Ongwediva is a town in the Oshana Region in the north of Namibia. It is the district capital of the Ongwediva electoral constituency.  it had 27,000 inhabitants and covered 4,102 hectares of land. Ongwediva has seven churches, two private schools and 13 government-run schools. Most of the inhabitants speak Oshiwambo.

History
Ongwediwa started out as a Finnish mission station in 1926. A school for male students was built there at the time, focusing on practical skills. It is talked about as an agricultural and industrial school, although the agricultural emphasis soon faded away. The school started in February 1927, and it was a secondary school, which one could attend after completing primary school.

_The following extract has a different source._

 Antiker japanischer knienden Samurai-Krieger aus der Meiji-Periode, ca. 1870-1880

Towards the end of the 1920s, the school started to receive subsidies from the South African government, although this was only a modest £100 per year.

The male teacher training seminary was transferred from Oniipa to Ongwediva at the end of 1954. It continues today as part of the Faculty of Education of the University of Namibia.

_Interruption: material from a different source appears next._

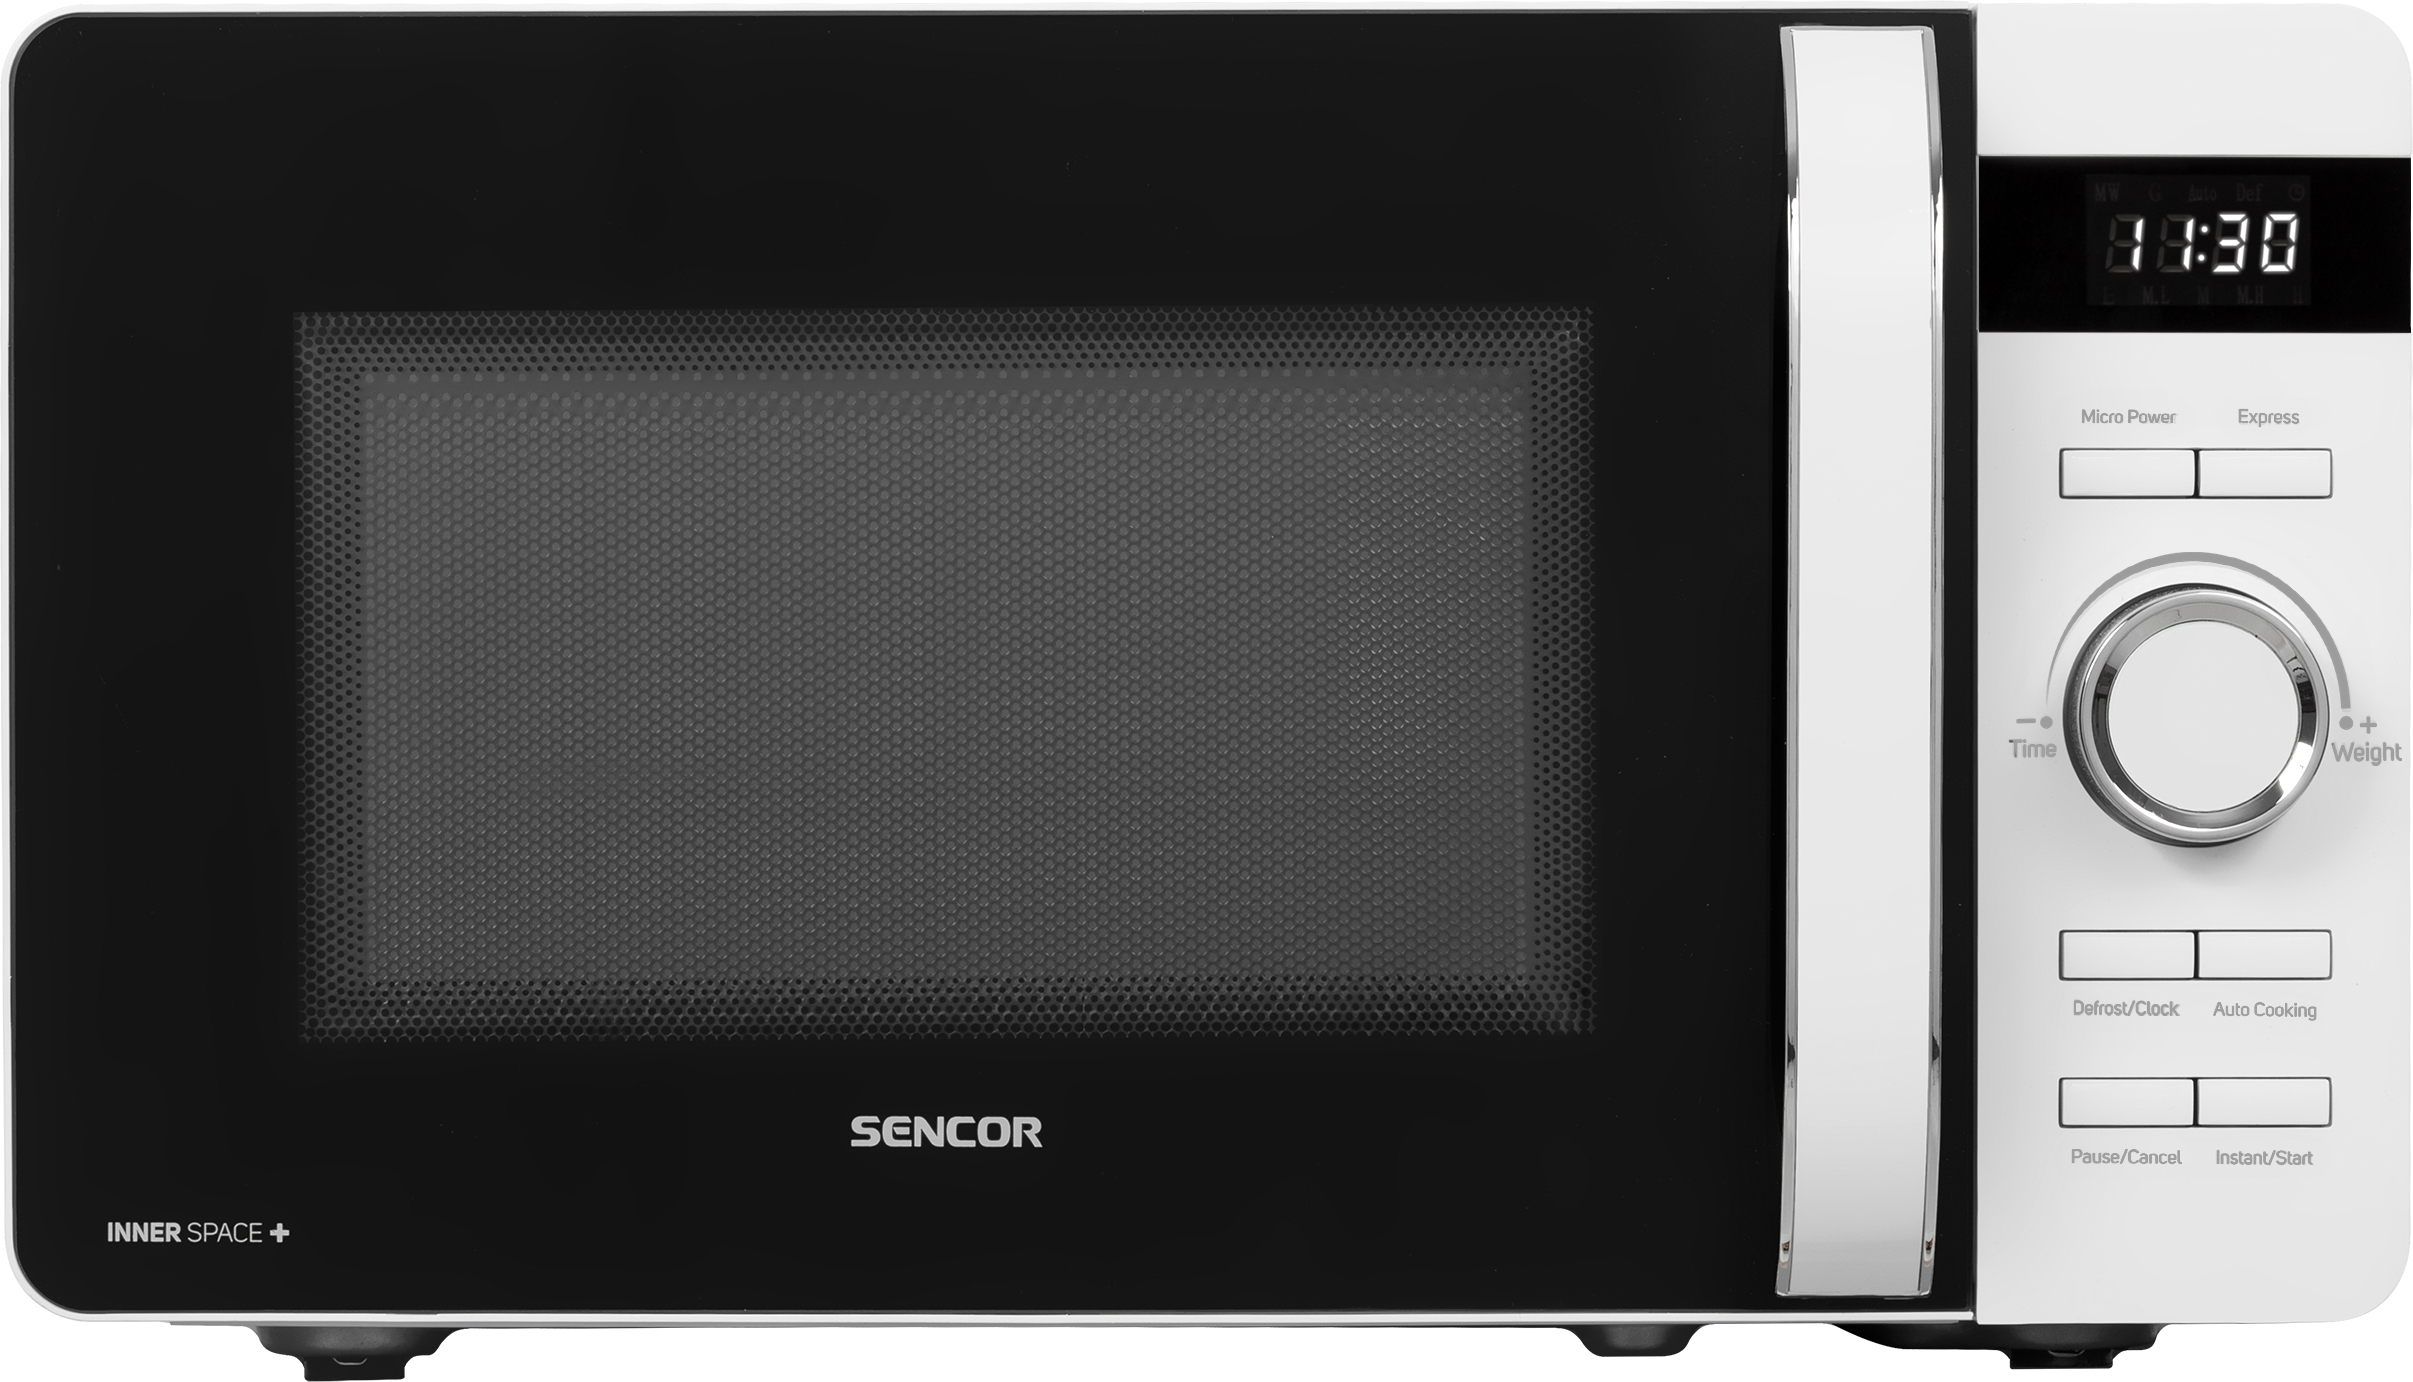 Микроволновая печь с грилем Sencor SMW5517WH в интернет-магазине, главное фото

The civilian settlement of Ongwediva was established in the 1960s while Namibia was under South African occupation, in the area of headman Mr Nandjebo Mengela. Its purpose was to serve as a residential area for people employed by businesses and government in Oshakati and Ondangwa.

Economy and development
Ongwediva hosts an annual trade fair, the Ongwediva Annual Trade Fair (OATF) since 2000, after one initial trade fair, the Northern Namibia Trade Fair, was held in 1995. Opposite of the open market, there is a shopping mall (Maroela Mall, Mandume Ndemufayo St.).

Ongwediva is an urban area that experiences rapid growth. It had less than 11,000 inhabitants in 2001.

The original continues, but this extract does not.